LISTED RECORDS =>
-*-*-

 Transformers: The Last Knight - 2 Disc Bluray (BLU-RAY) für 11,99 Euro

-*-*-

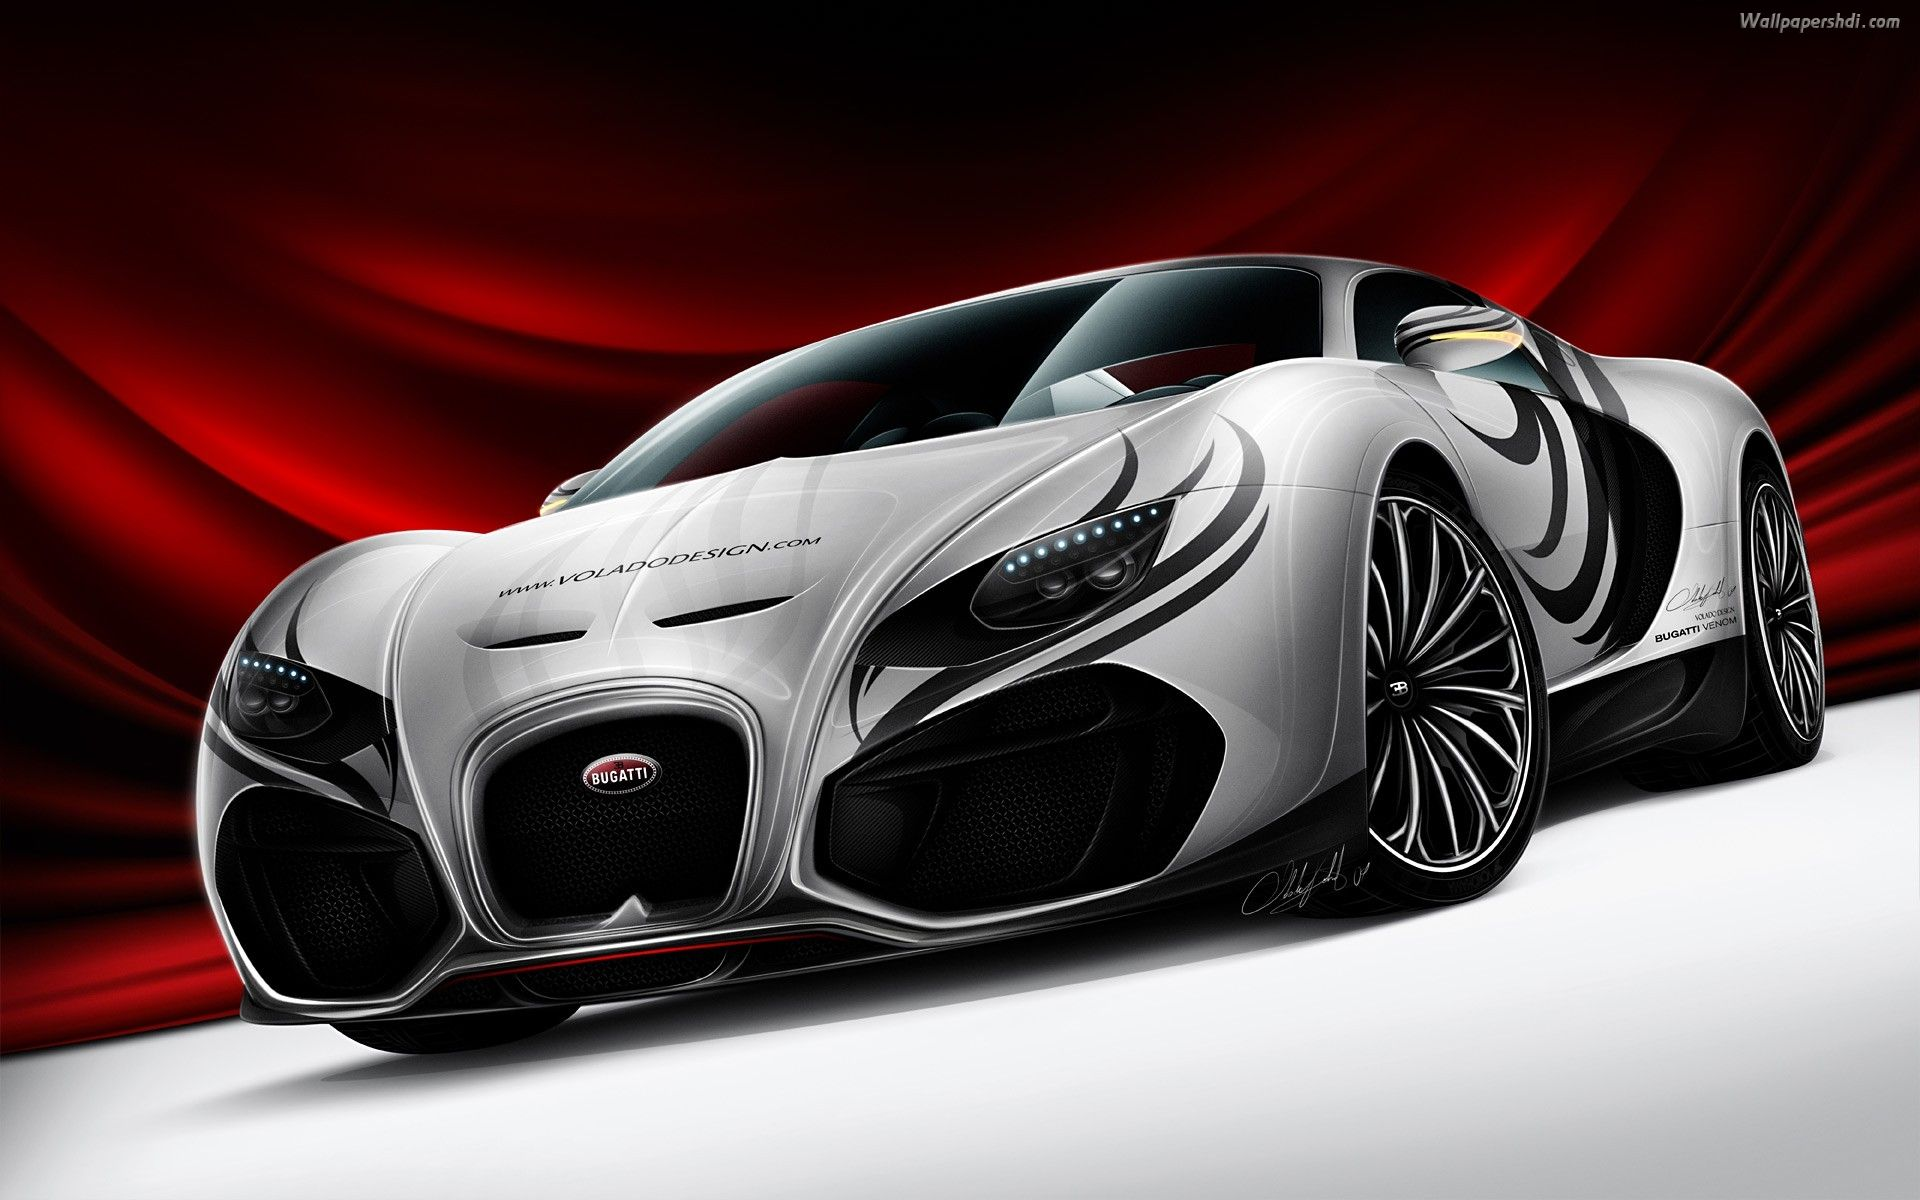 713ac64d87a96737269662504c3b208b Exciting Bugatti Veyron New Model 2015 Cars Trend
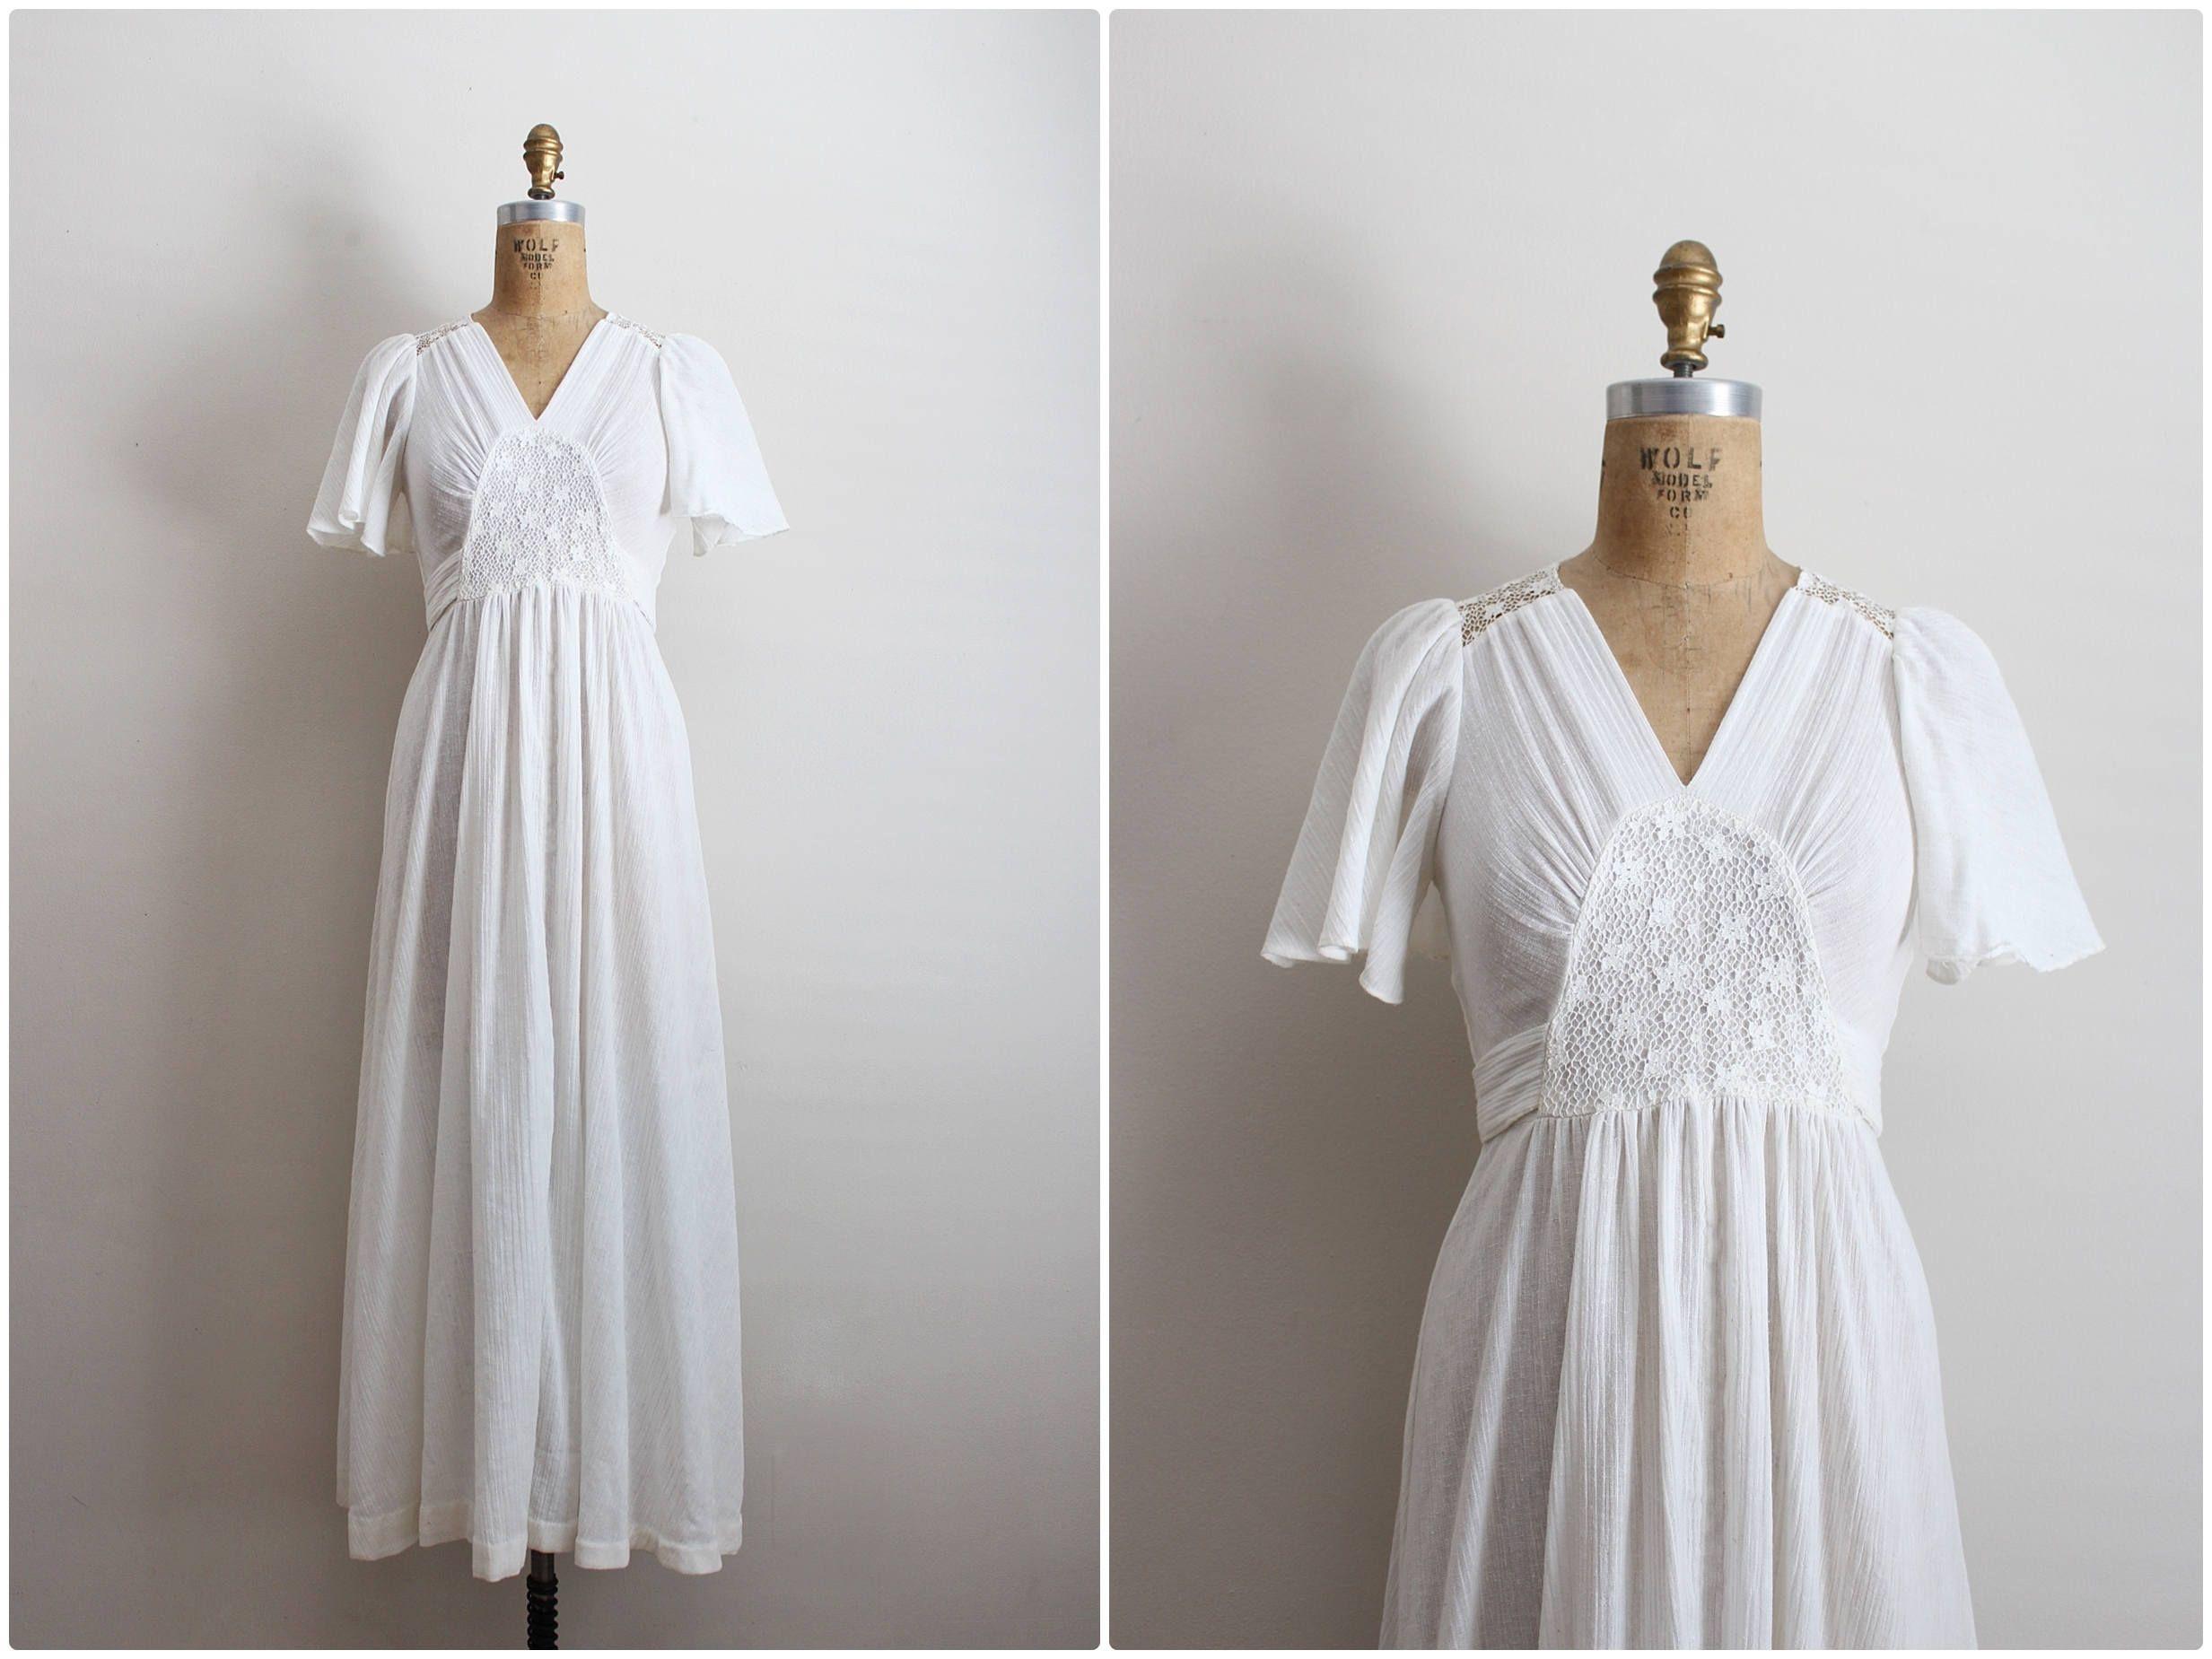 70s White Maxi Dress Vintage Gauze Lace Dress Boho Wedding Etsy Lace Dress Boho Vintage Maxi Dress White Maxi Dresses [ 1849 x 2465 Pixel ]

-*-*-

YOUR GOAL =>
Starting with the line that has "713ac64d87a96737269662504c3b208b Exciting Bugatti" and going on through the line that has "70s White Maxi", transcribe the records above exactly, but skip the pictures.

RESULT OF THE TASK =>
 713ac64d87a96737269662504c3b208b Exciting Bugatti Veyron New Model 2015 Cars Trend
 70s White Maxi Dress Vintage Gauze Lace Dress Boho Wedding Etsy Lace Dress Boho Vintage Maxi Dress White Maxi Dresses [ 1849 x 2465 Pixel ]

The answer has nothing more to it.